Кульминационный поворот вопроса: «Уже устарел вопрос: "Что же делать?" / Подумать пора: "А чего нам не делать?"» — это философский и этический переворот. Вопрос Чернышевского был вопросом действия, созидания новой реальности. Ложкин констатирует, что эпоха проектов провалилась. Новый, более глубокий вопрос — об аскезе, отказе, запрете. Чтобы жизнь «стала жизнью», нужно не столько построить новое, сколько исключить нечто ядовитое, ложное, убивающее душу. Это переход от идеологии к экологии духа.

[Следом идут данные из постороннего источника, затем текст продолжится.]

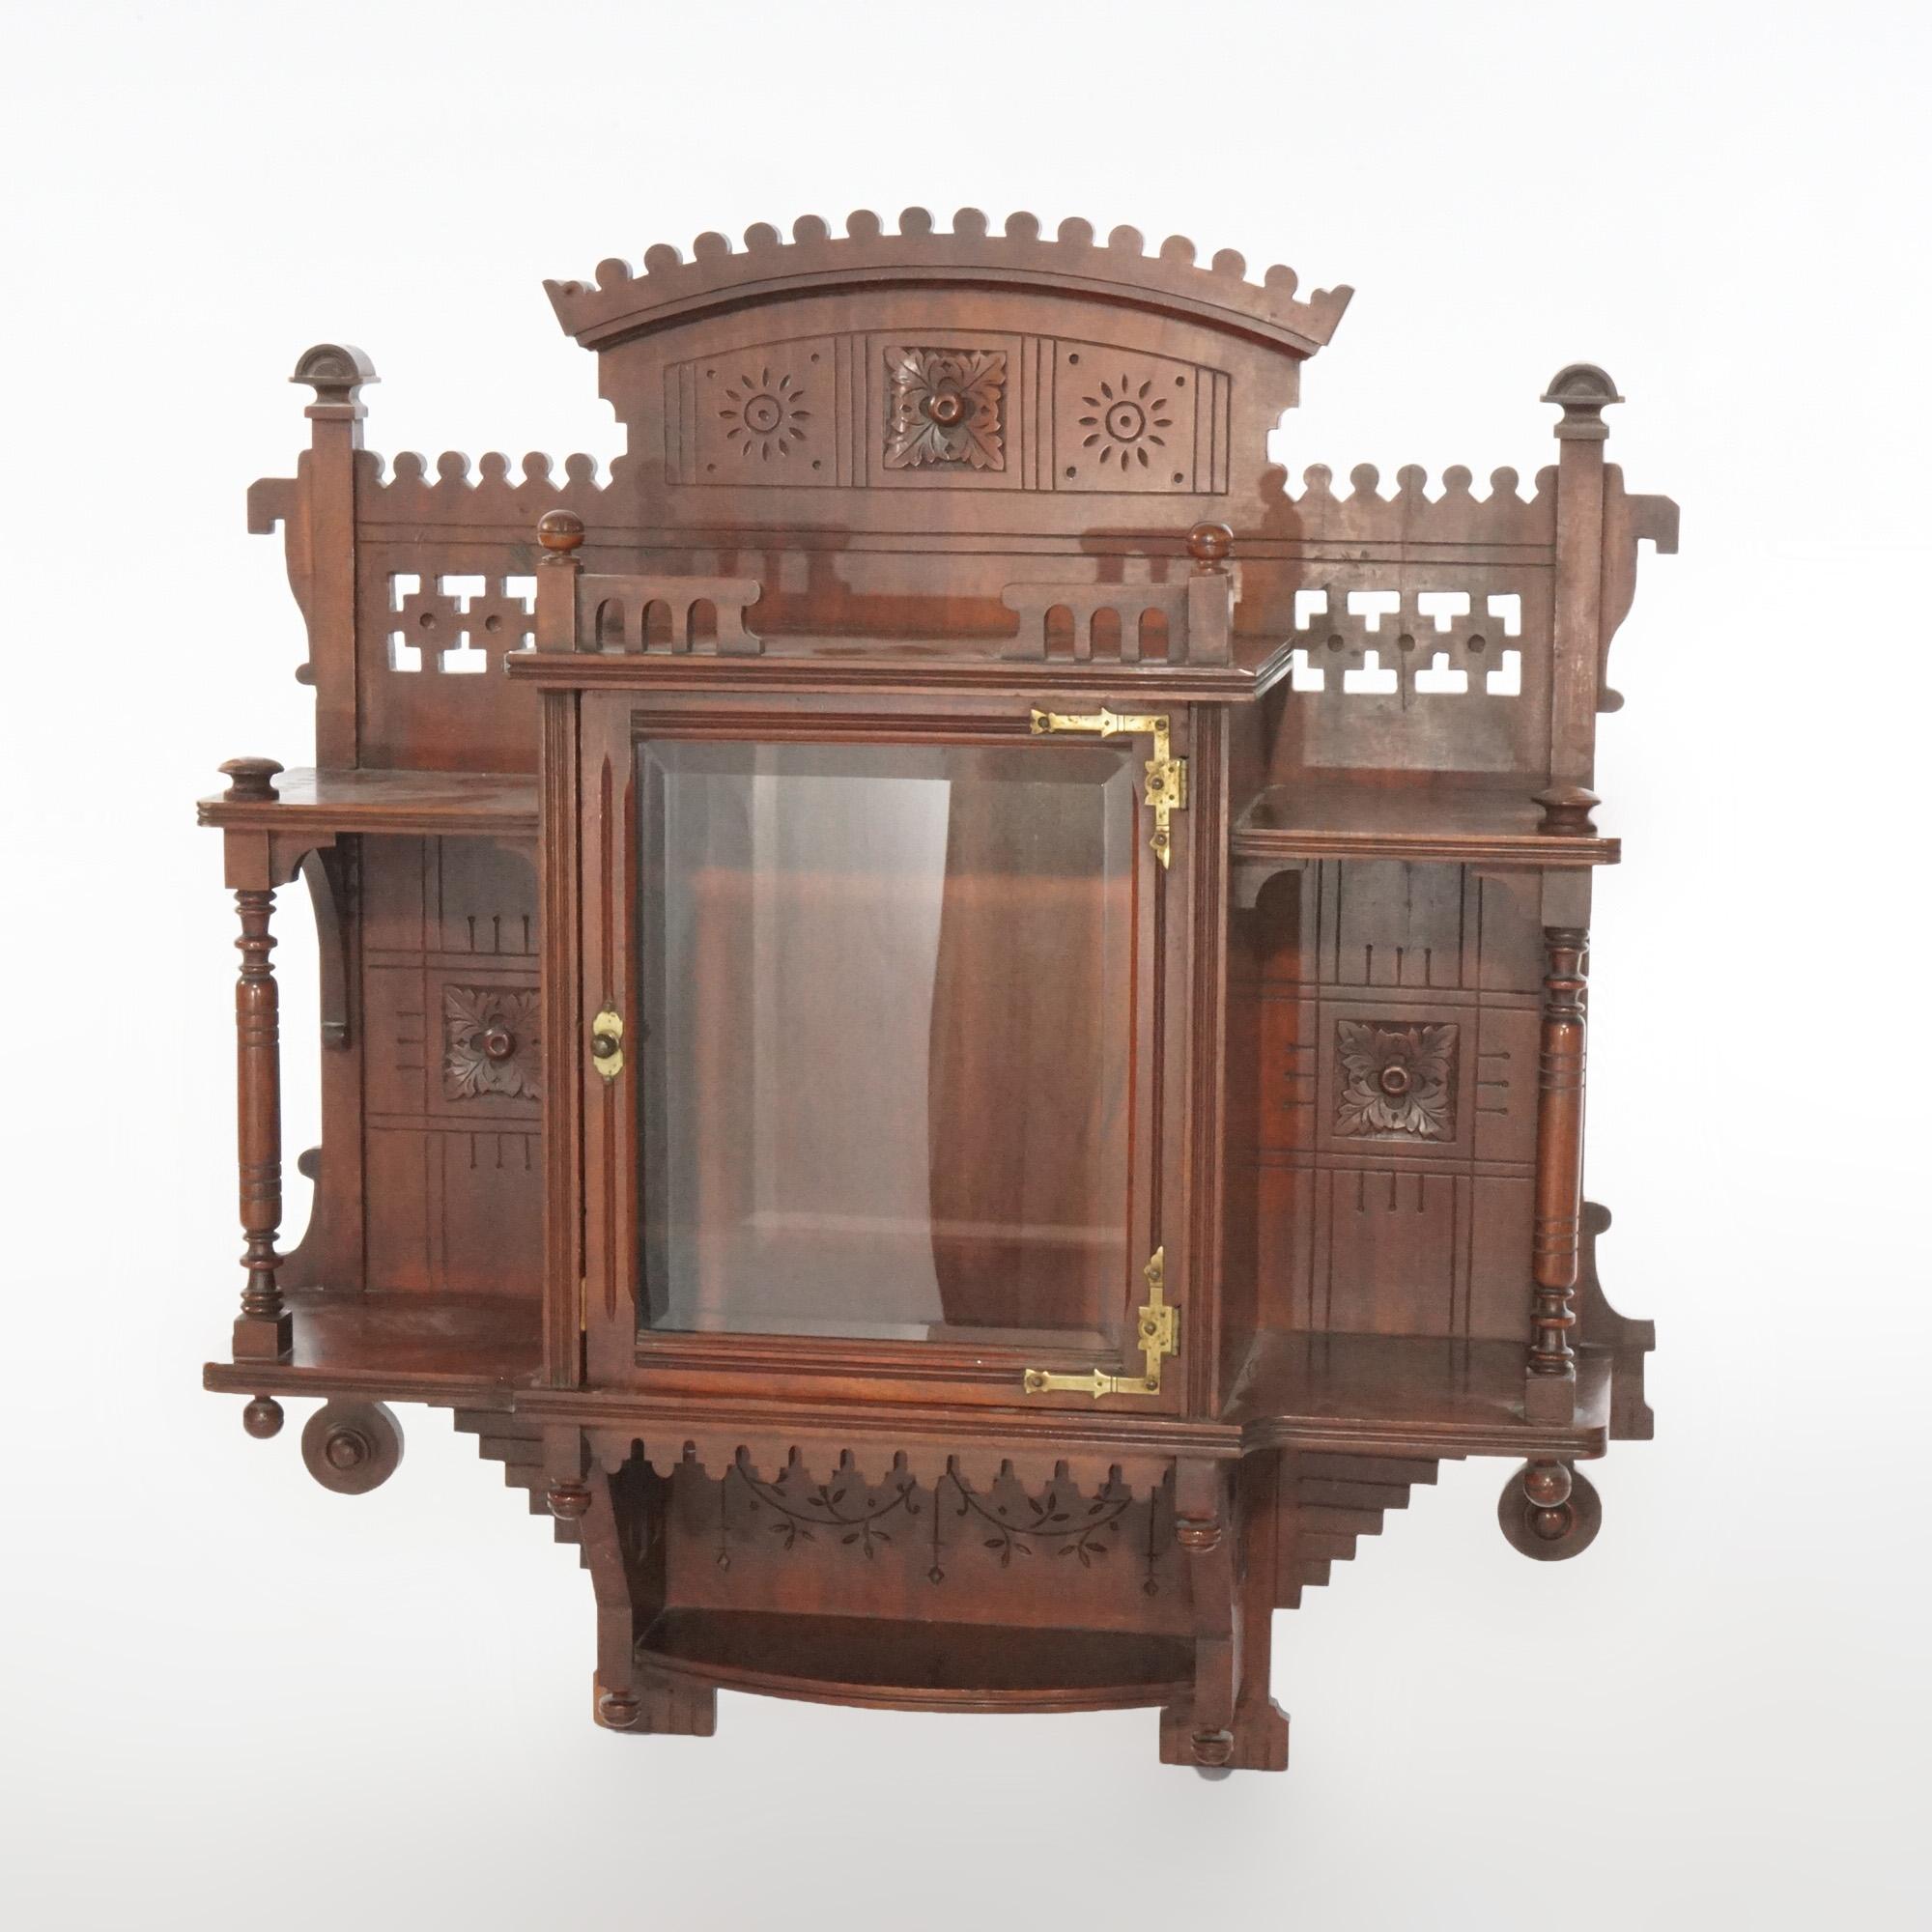 An antique Victorian Aesthetic mirrored wall cabinet offers mahogany construction with central compartment with glass door and having flanking display shelves, carved element throughout, circa 1890

Measures- 32'' H x 29'' W x 8 1/2 D.

3. Структура и интонация: от заклинания к прозрению
Стихотворение начинается с энергичного, почти отчаянного заклинания («явитесь все сразу!»). Затем следует поток обращений, где интонация меняется от мольбы к дружескому пристукиванию, к горькому сочувствию, к требованию. Середина текста — кульминация призыва, нагнетание имён. Далее тон становится аналитическим и горьким (анализ кризиса отцов и детей, отсутствия героя). Финал — резкая, афористичная смена парадигмы, звучащая как приговор и как единственная надежда. Рифма и ритм нарочито просты, даже газетны, что приближает речь к прямому, публичному высказыванию, манифесту.
4. Связь с традицией и уникальность Ложкина
В. Маяковский («Во весь голос»): Пафос прямого разговора с современниками и потомками, позиция поэта как организатора жизни. Тот же гигантизм жеста.
А. Блок («Скифы»): Ощущение кризиса цивилизации, обращение к историческим силам (у Блока — к стихии, у Ложкина — к культурной традиции) как к спасительным.
И. Бродский: Диалог с культурной традицией как с живым пространством, где все современники. Интеллектуальная разработка ключевого вопроса эпохи.
Сами перечисленные классики: Текст — пример глубокой интертекстуальности, где каждый называемый автор становится частью словаря и мышления Ложкина.
Уникальность Ложкина: Он совершает невероятный жест: собирает собор русских классиков на свой поэтический спиритический сеанс. Он разговаривает с ними не как исследователь или ученик, а как равный, как наследник, требующий исполнения неких духовных обязательств. Он ставит им диагноз современности и просит у них лекарства. Его финальный вопрос — это гениальная смена оптики: от поиска рецепта счастья (что делать) к поиску антидота от несчастья (чего не делать). Это поэзия, которая пытается выполнить роль культурной терапии, очищая поле от мусора, чтобы могло прорасти живое.
Вывод:
«Что не делать?» — это стихотворение-диагноз и стихотворение-прорыв. Ложкин фиксирует состояние культурной амнезии и беспомощности, когда великое наследие существует как набор цитат, но не как действующая сила. Его отчаянный призыв к классикам — это попытка вдохнуть в них новую жизнь, сделать их соучастниками преодоления современного тупика. Центральный переворот вопроса с «делать» на «не делать» знаменует переход от утопического активизма XIX-XX веков к этическому минимализму XXI века. Это поэзия не созидания, а очищения. Задача поэта видится не в том, чтобы дать новый ответ, а в том, чтобы найти и назвать тот яд, тот ложный путь, от которого нужно отказаться, чтобы у жизни появился шанс. В этом тексте Ложкин окончательно утверждает себя не просто как наследника традиции, а как её стража, судью и врача, пытающегося спасти пациента по имени «русская культура» и «русская жизнь» с помощью шока от столкновения с её же собственными, недосягаемо высокими мерками.